#### [PROBLEM STATEMENT]
Whenever a picture appears in the listing below, leave it out, and copy exactly the lines from the one containing "3M Cut Resistant Gloves (ATG-3M-LV5-M)" through the end.

#### [RECORDS PROVIDED]
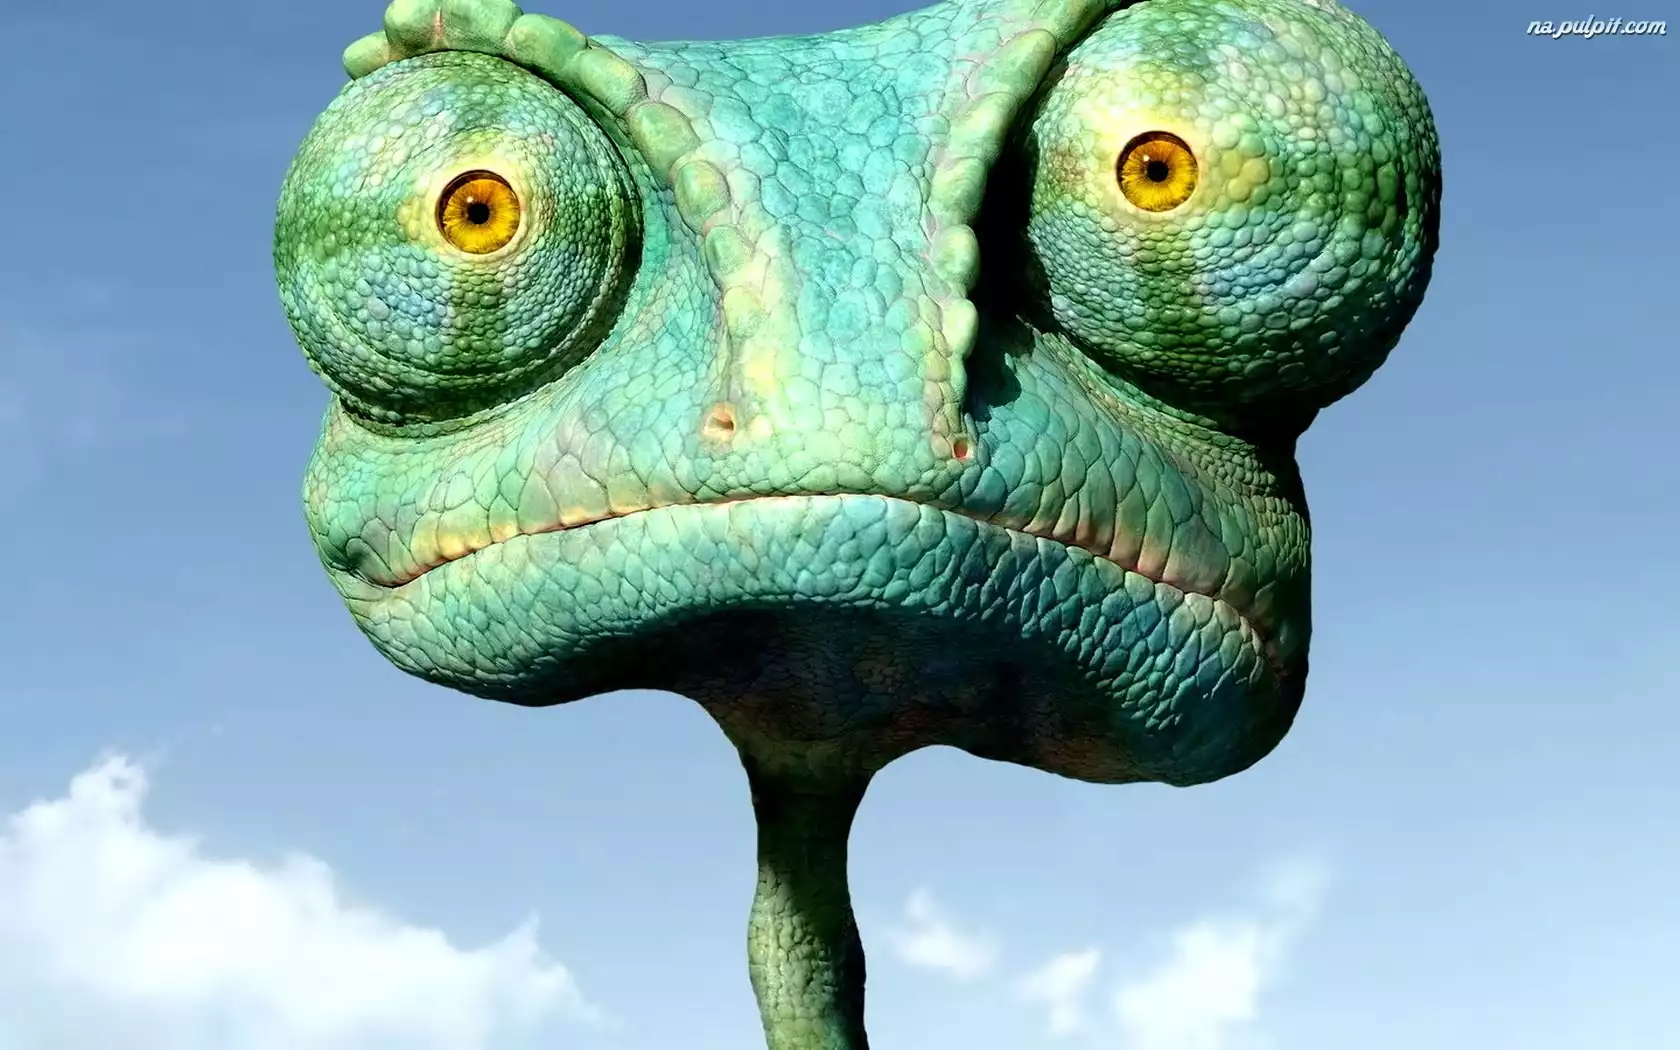 Smieszny Kameleon Na Pulpit
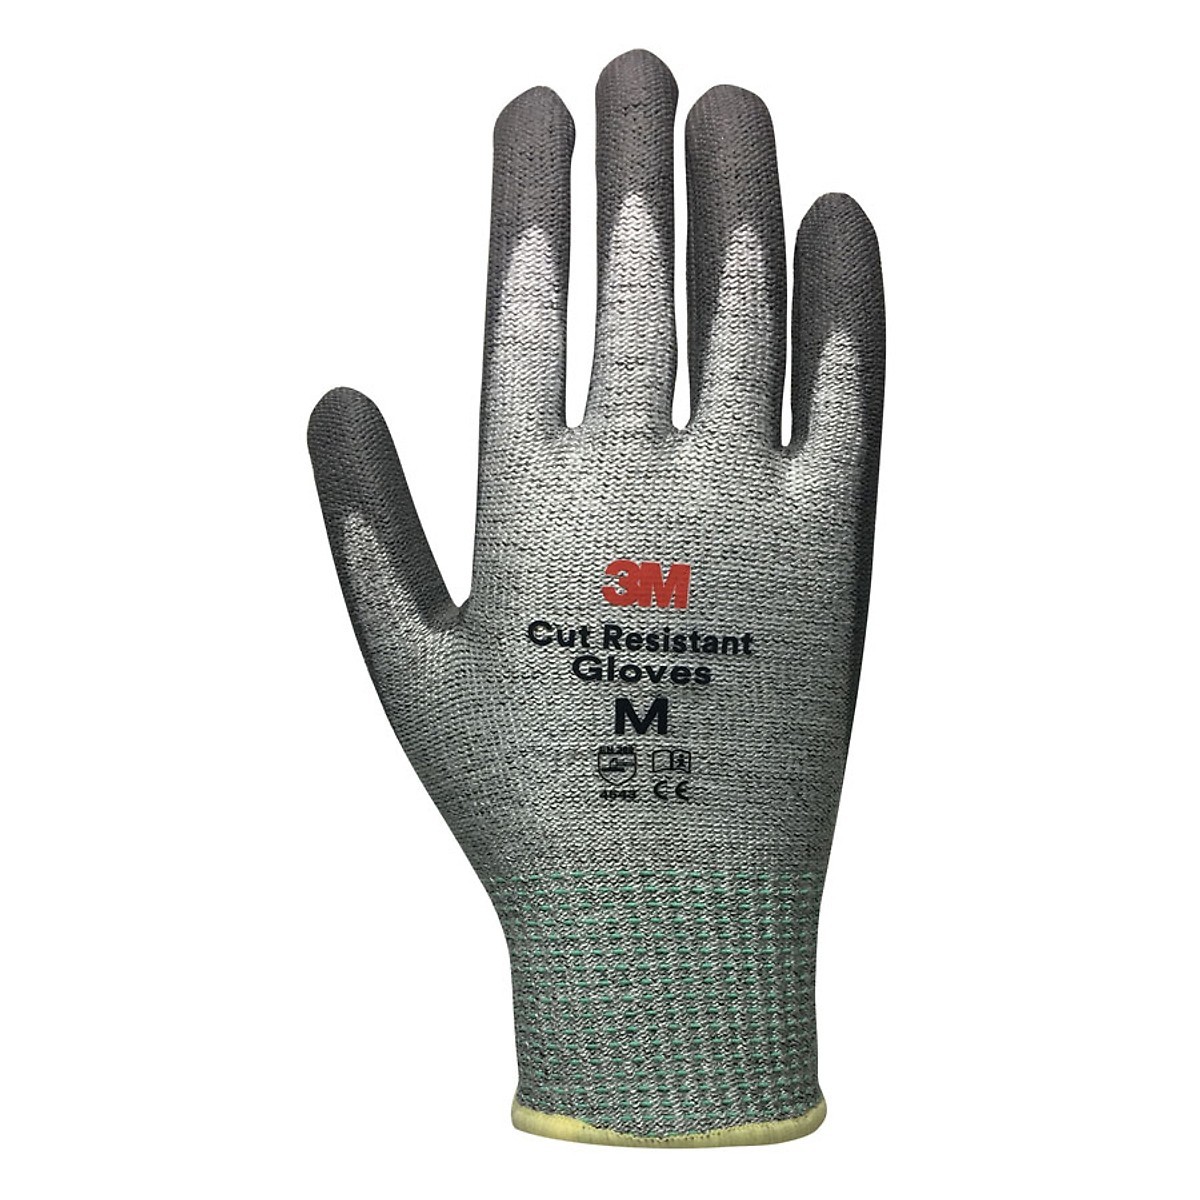 3M Cut Resistant Gloves (ATG-3M-LV5-M)
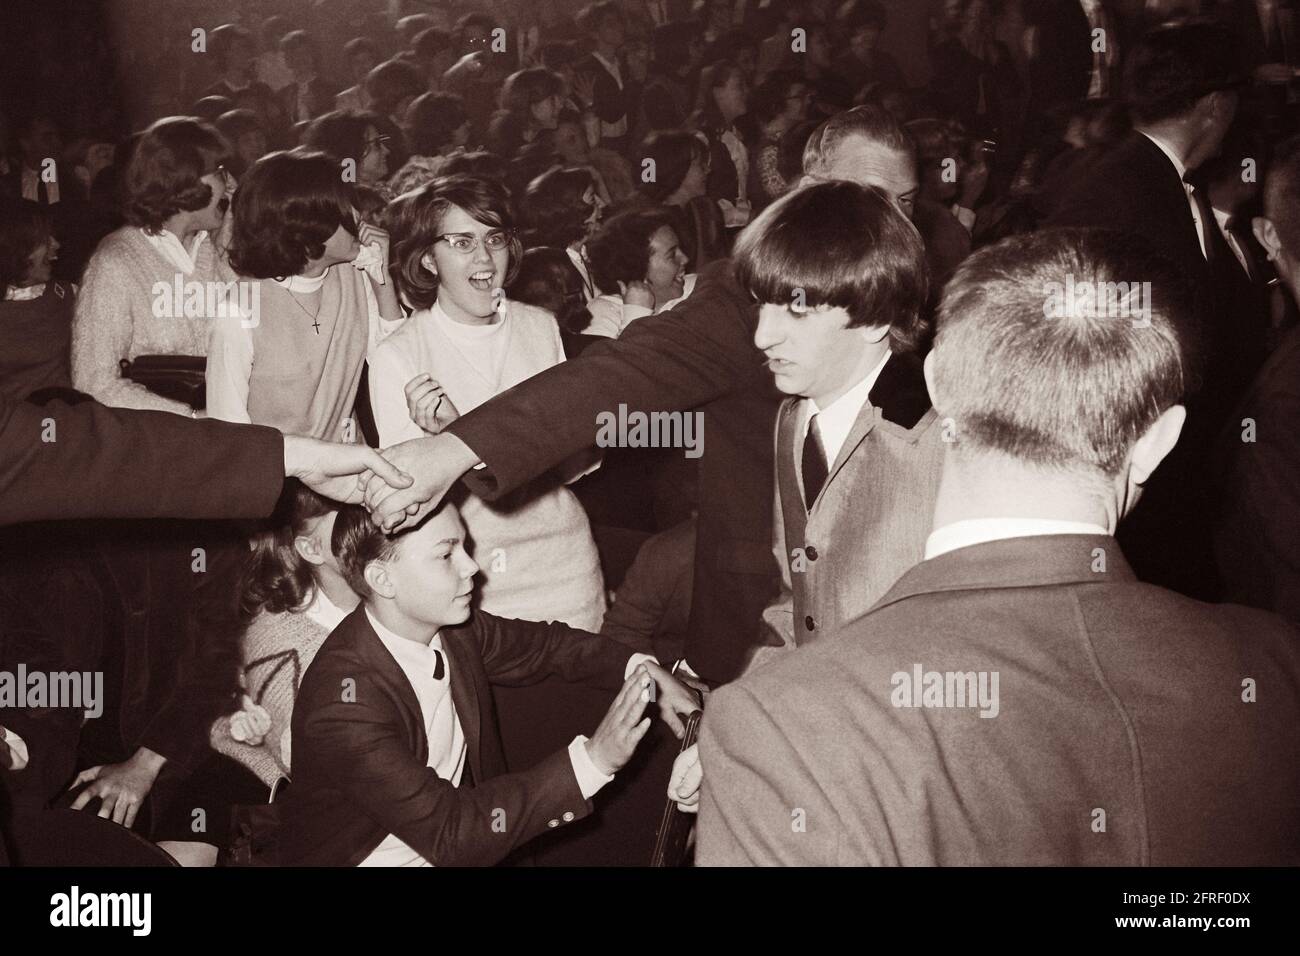 La police se joint à la main pour retenir les fans adoring tandis que Ringo Starr se promène au Washington Coliseum de Washington, D.C. où les Beatles jouaient dans leur premier concert américain le 11 février 1964. (ÉTATS-UNIS) Banque D'Images
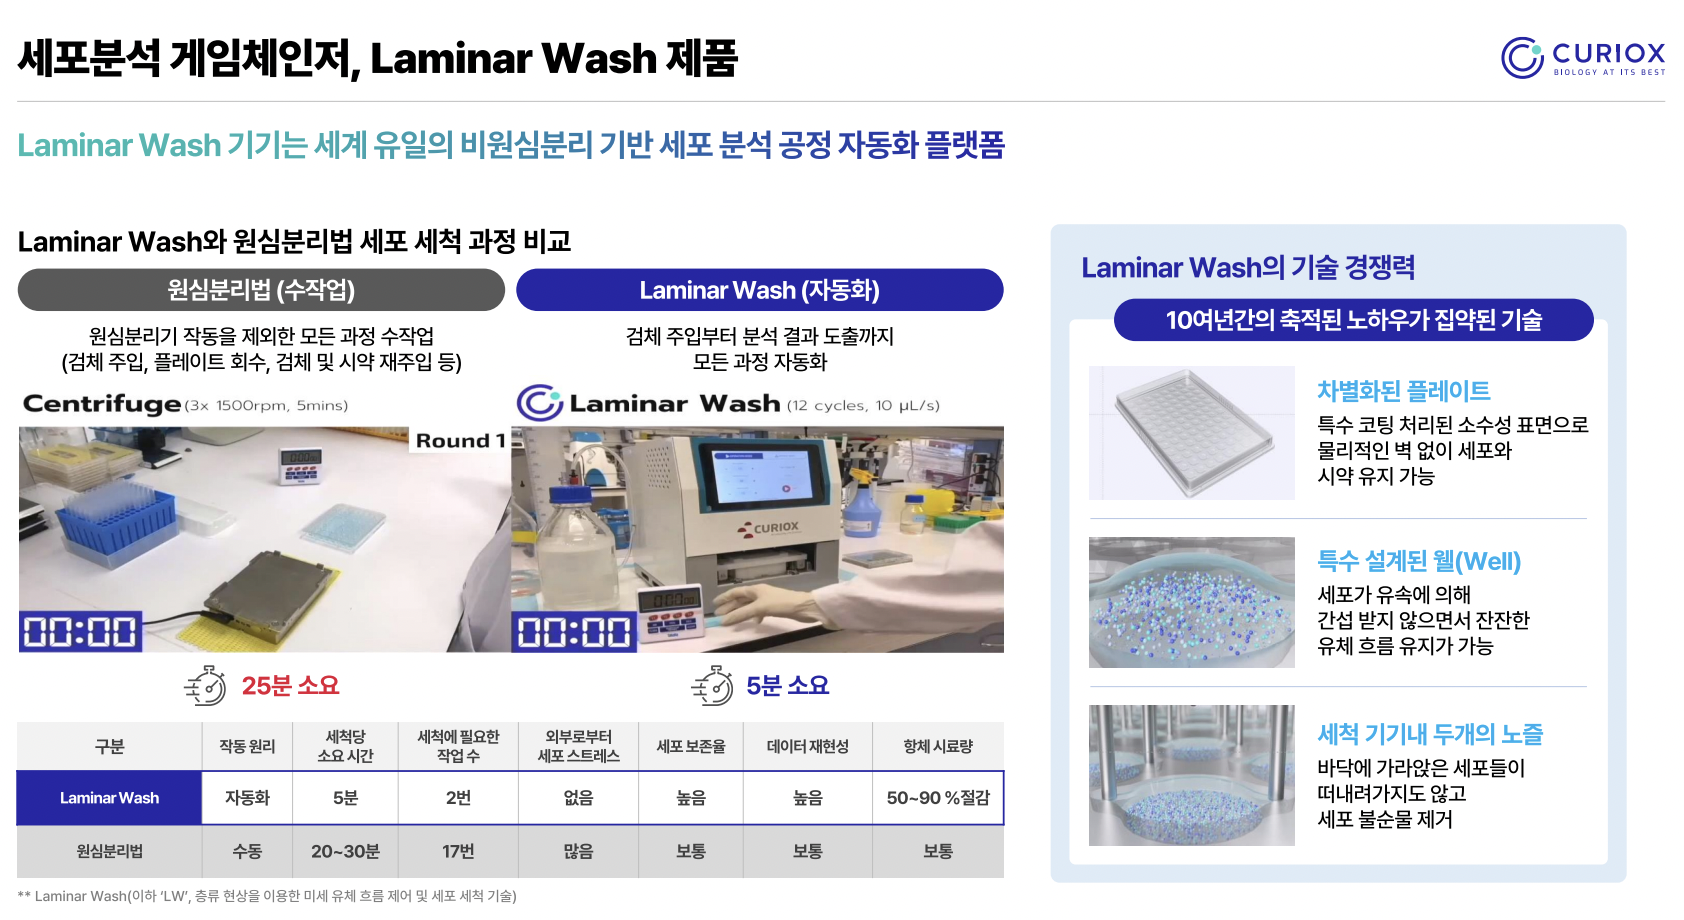 큐리옥스바이오시스템즈 핵심 제품 Laminar Wash Auto
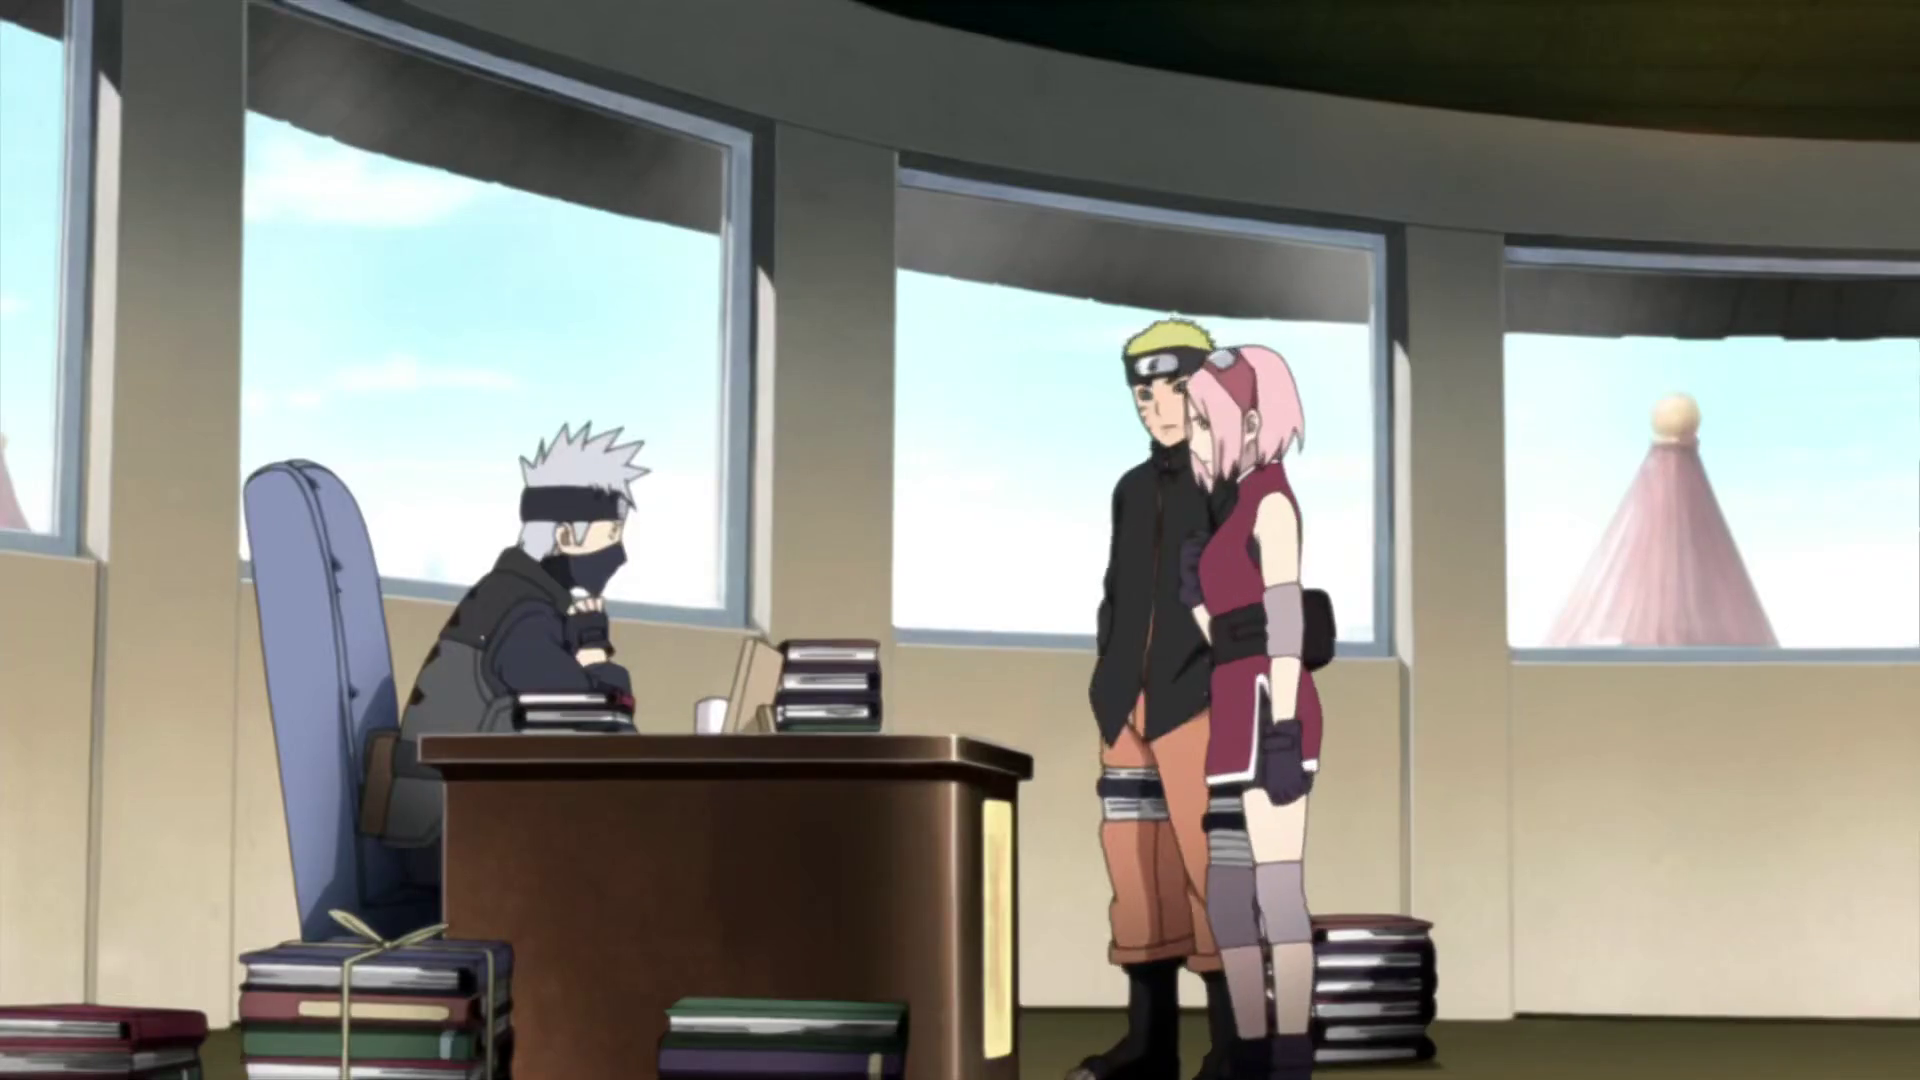 Naruto, anime, kakashi, naruto shippuden, sakura, sasuke, HD phone wallpaper

#### [RESULT]
 3M Cut Resistant Gloves (ATG-3M-LV5-M)
 La police se joint à la main pour retenir les fans adoring tandis que Ringo Starr se promène au Washington Coliseum de Washington, D.C. où les Beatles jouaient dans leur premier concert américain le 11 février 1964. (ÉTATS-UNIS) Banque D'Images
 큐리옥스바이오시스템즈 핵심 제품 Laminar Wash Auto
 Naruto, anime, kakashi, naruto shippuden, sakura, sasuke, HD phone wallpaper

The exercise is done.